Resistenza e formazione delle perle di ferronichel

11 - Resistenza e formazione delle perle di ferronichel

(28) Notiamo per prima sulla figura (1) che l’effetto di resistenza si produce essenzialmente perché gli elettroni sono improvvisamente obbligati a passare su un cammino ristretto dove si comprimono e si frizionano, creando la loro stessa usura ed un grosso riscaldamento del conduttore. Il punto di fusione del filamento deve dunque essere elevato di conseguenza. Questo è il caso per il tungsteno che serve a fare i filamenti delle lampade e di cui il punto di fusione è tre volte più elevato di quello del rame. Consumandosi nella loro corsa, gli elettroni restituiscono allo spazio l’essenza che compone il loro corpo, ma senza lasciare il conduttore. Si consumano solamente ma continuando il loro cammino, se no si produrrebbe una rottura nella linea elettrica.

(29) Si vede anche sulla prima figura che gli elettroni camminano nello stesso senso. Supponiamo allora che si ritiri il filamento e che si metta in seguito in contatto i due conduttori. Questa volta, si produrrà un grosso riscaldamento (un lampo) che farà fondere l’estremità dei due fili conduttori.

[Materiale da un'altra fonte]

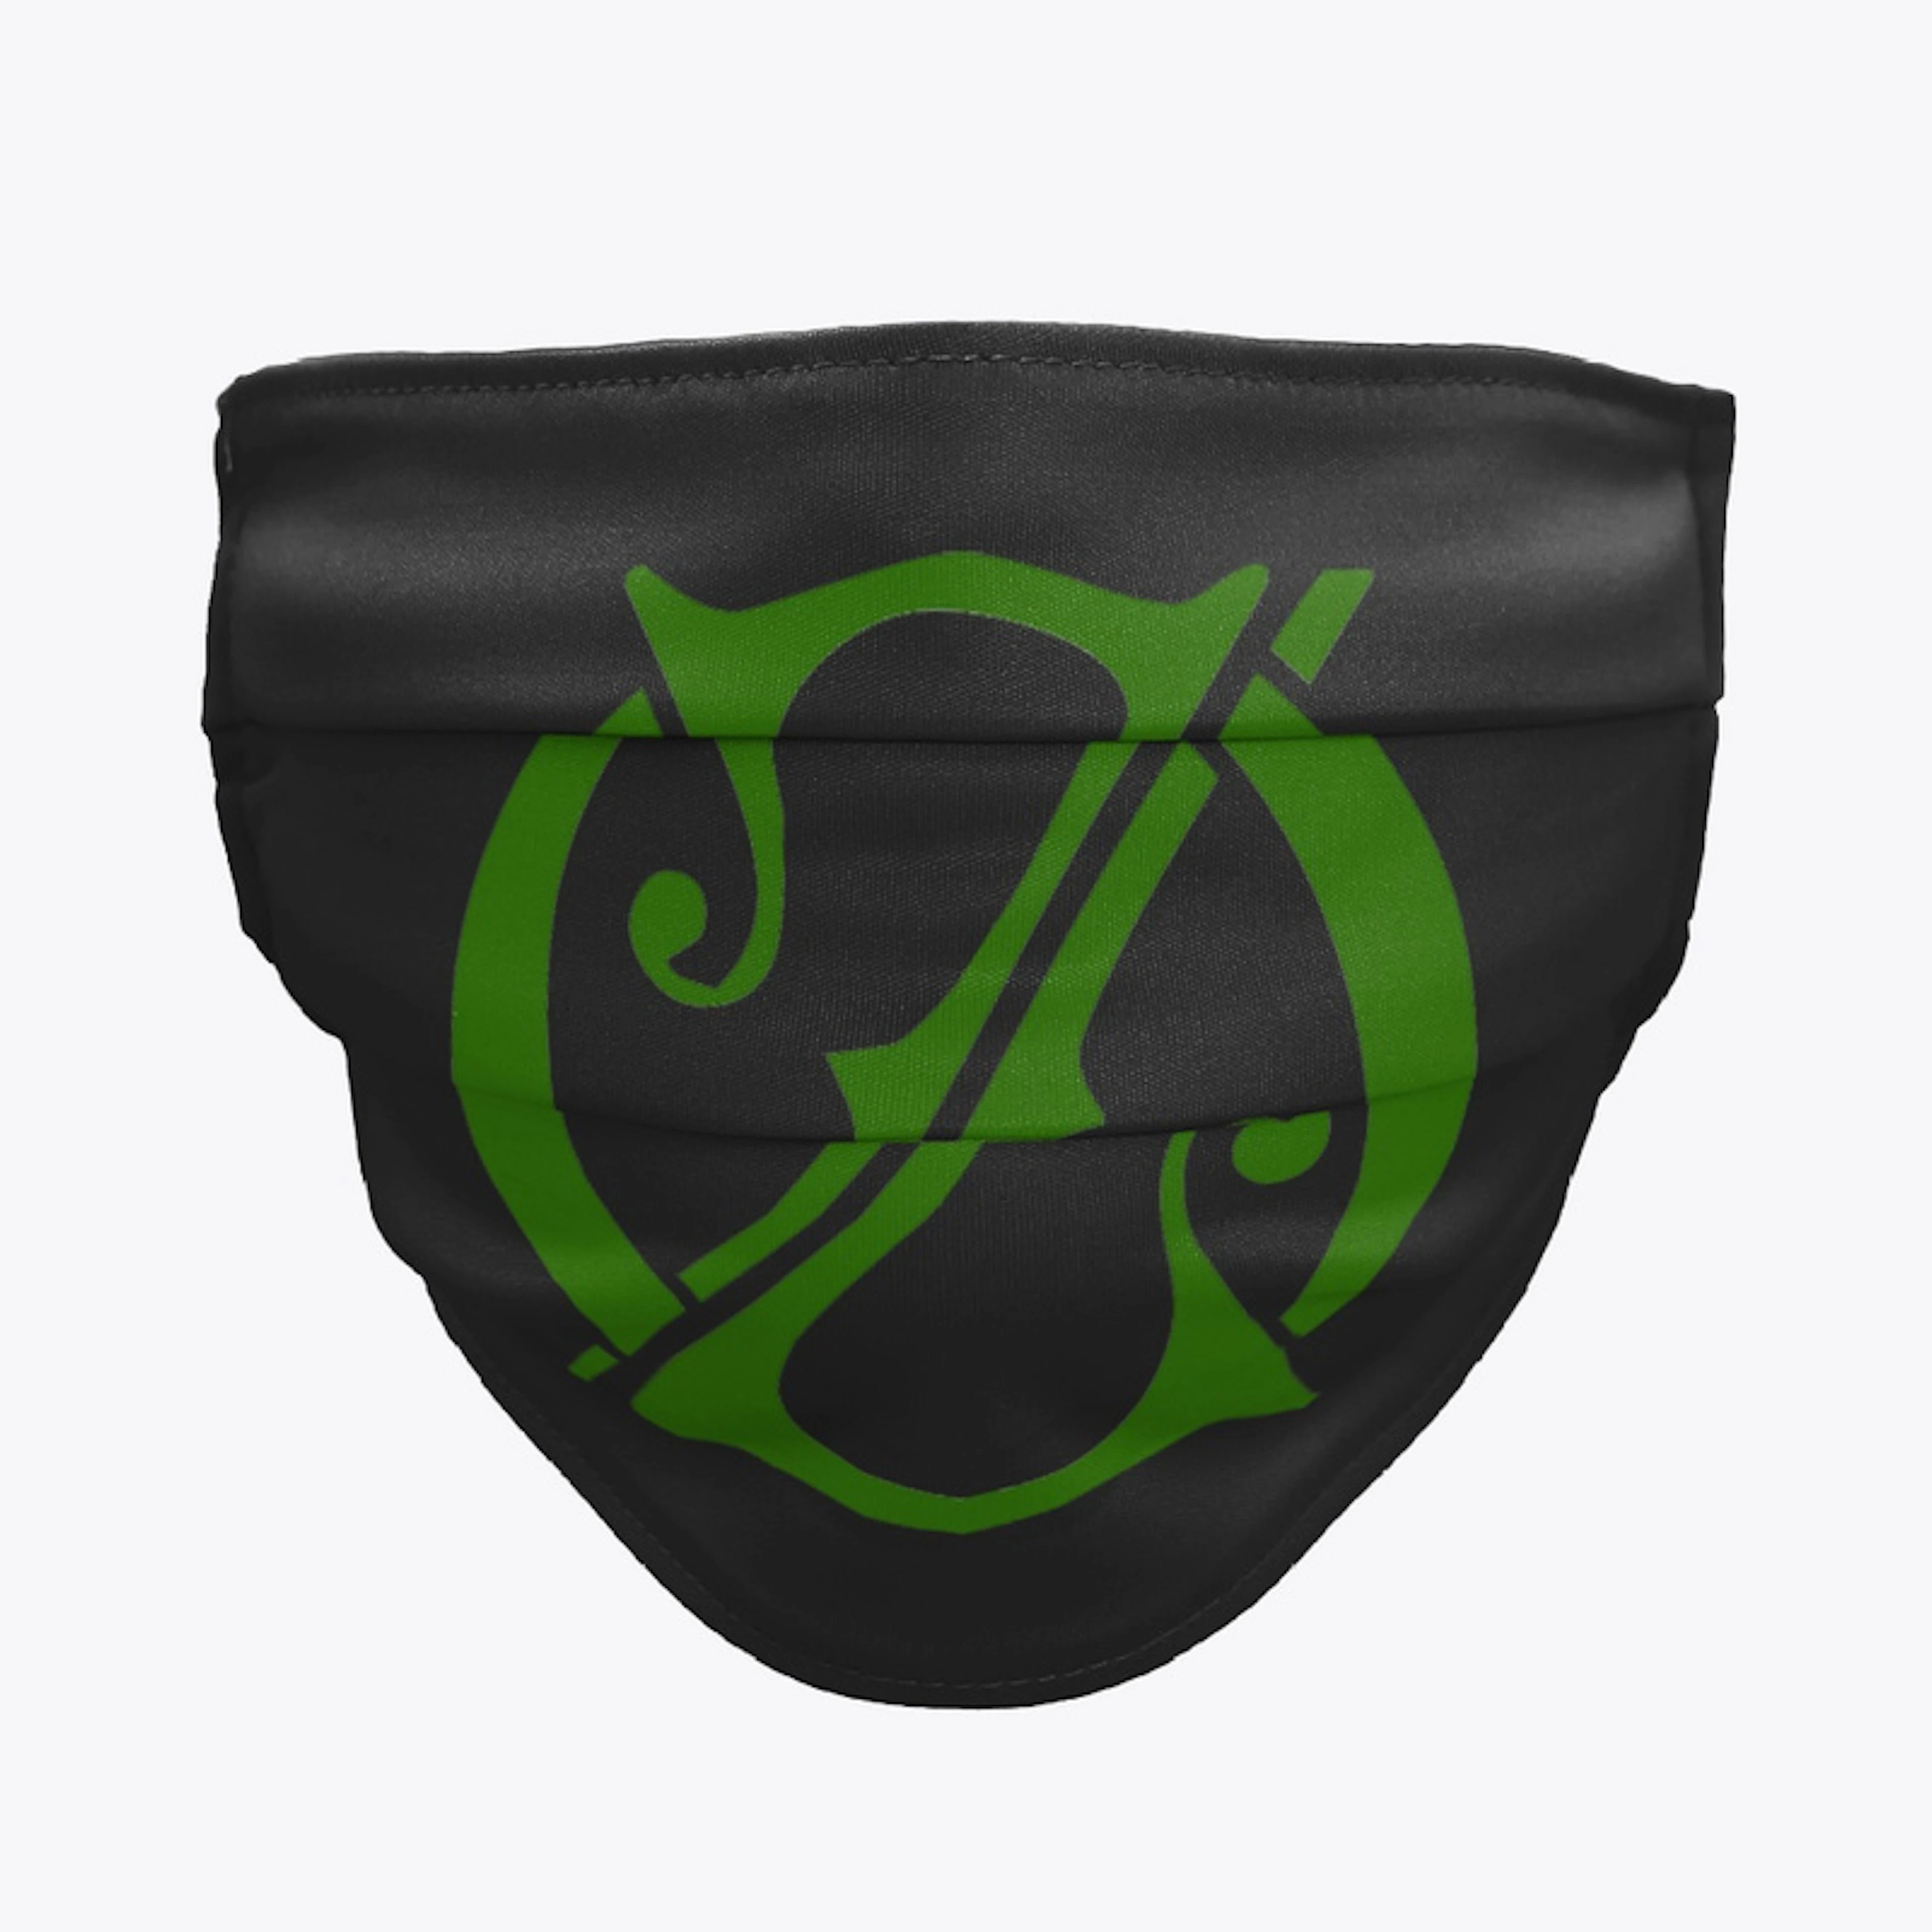 Oz Emblem Face Mask (Green on Black)

La seconda figura mostra questo ma pure che la corrente dei due fili si dirige verso il punto di contatto provocando un lampo, ma anche la formazione di piccole perle di ferronichel...

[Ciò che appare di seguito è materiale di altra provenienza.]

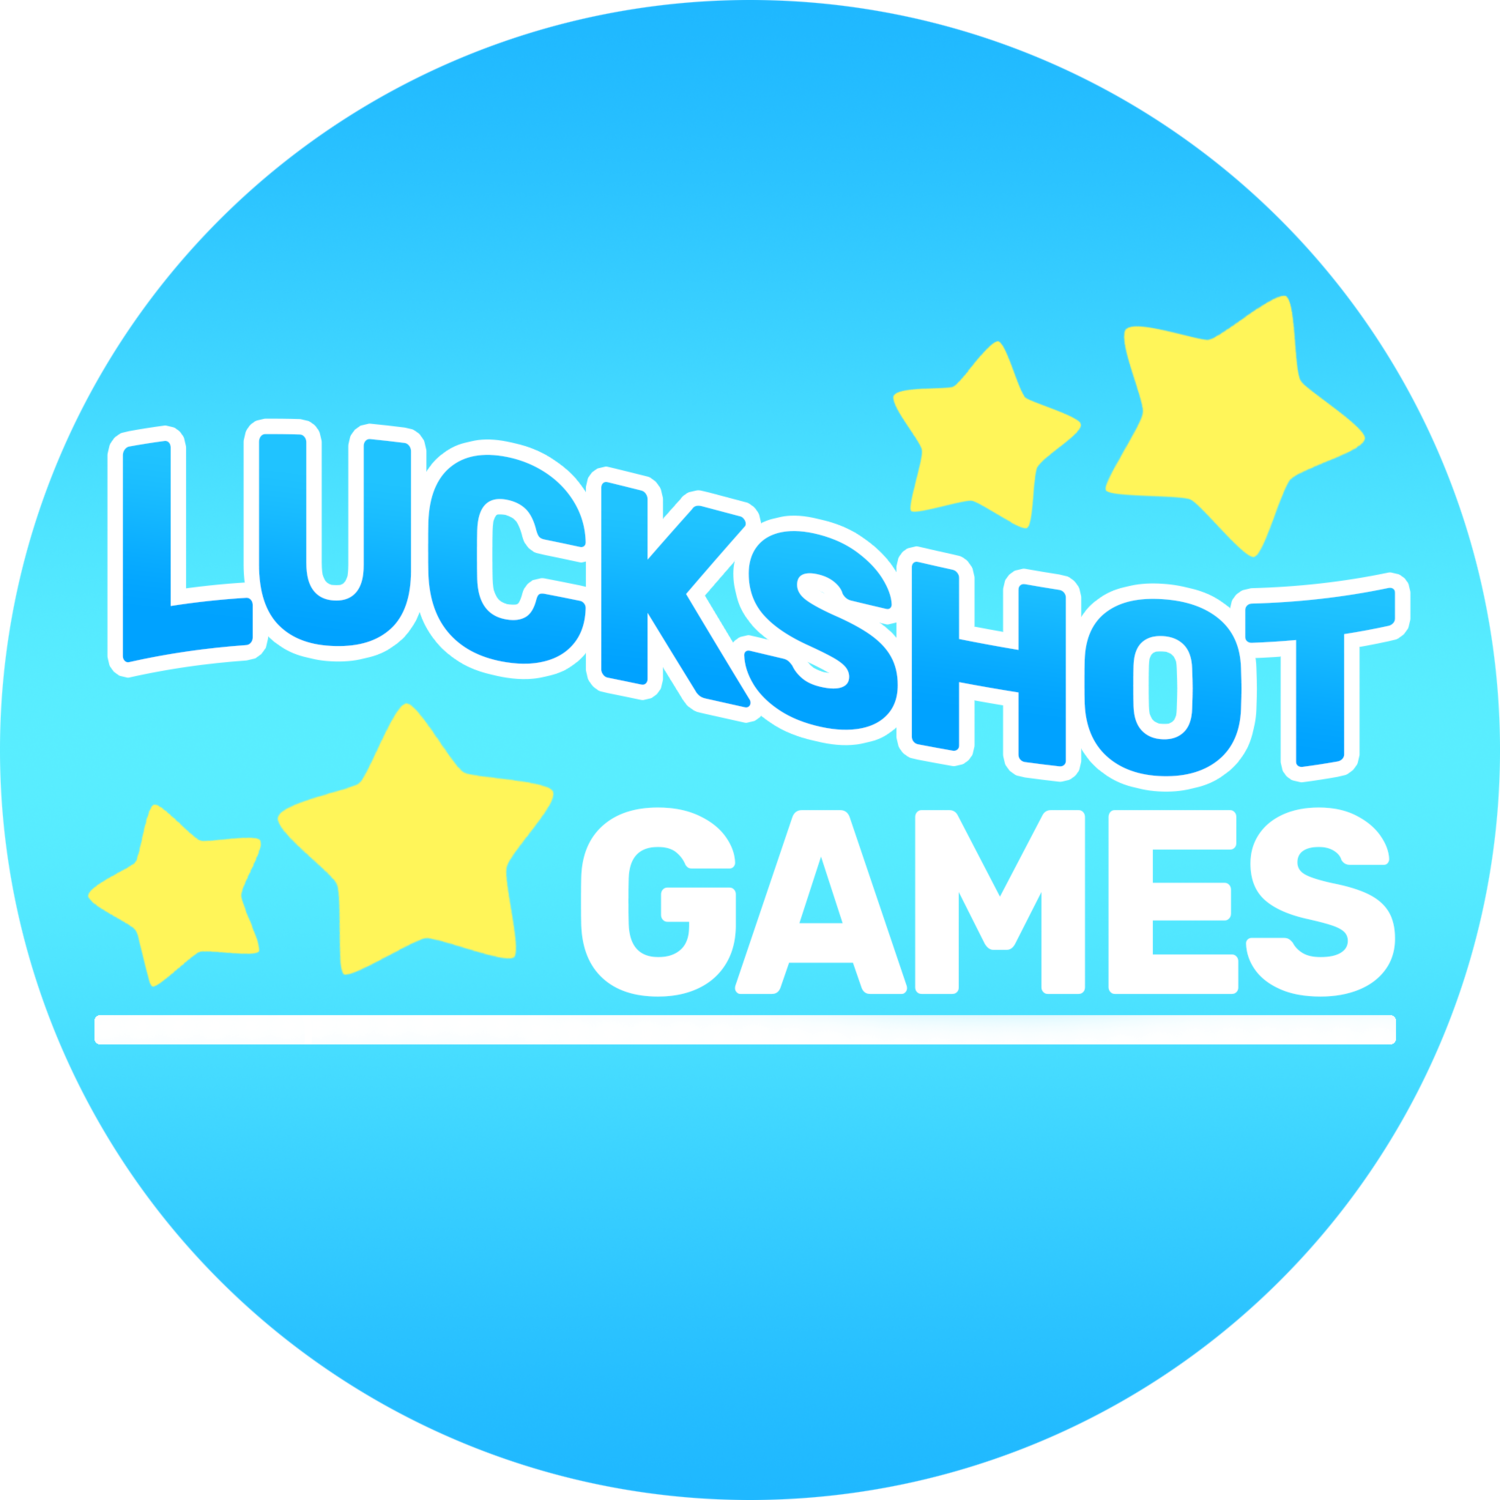 Luckshot Games

(30) Questo fenomeno di creazione di perle non può prodursi finché gli elettroni vanno nello stesso senso, ma si produce quando gli elettroni vanno a controsenso, si urtano e si saldano. Ed è risaputo che quando due conduttori provocano un lampo (un cortocircuito), gli elettroni dei due fili si dirigono verso il luogo del cortocircuito, come anche lo mostra la seconda figura. Perciò dico, e questo è risaputo, che ogni manifestazione elettrica producendo un lampo, come durante un temporale, è anche in grado di produrre fine perle di ferronichel. Riteniamo allora che l’elettricità può diventare metallica a seconda delle circostanze. Quel che ci permetterà di capire la nascita e lo sviluppo degli astri.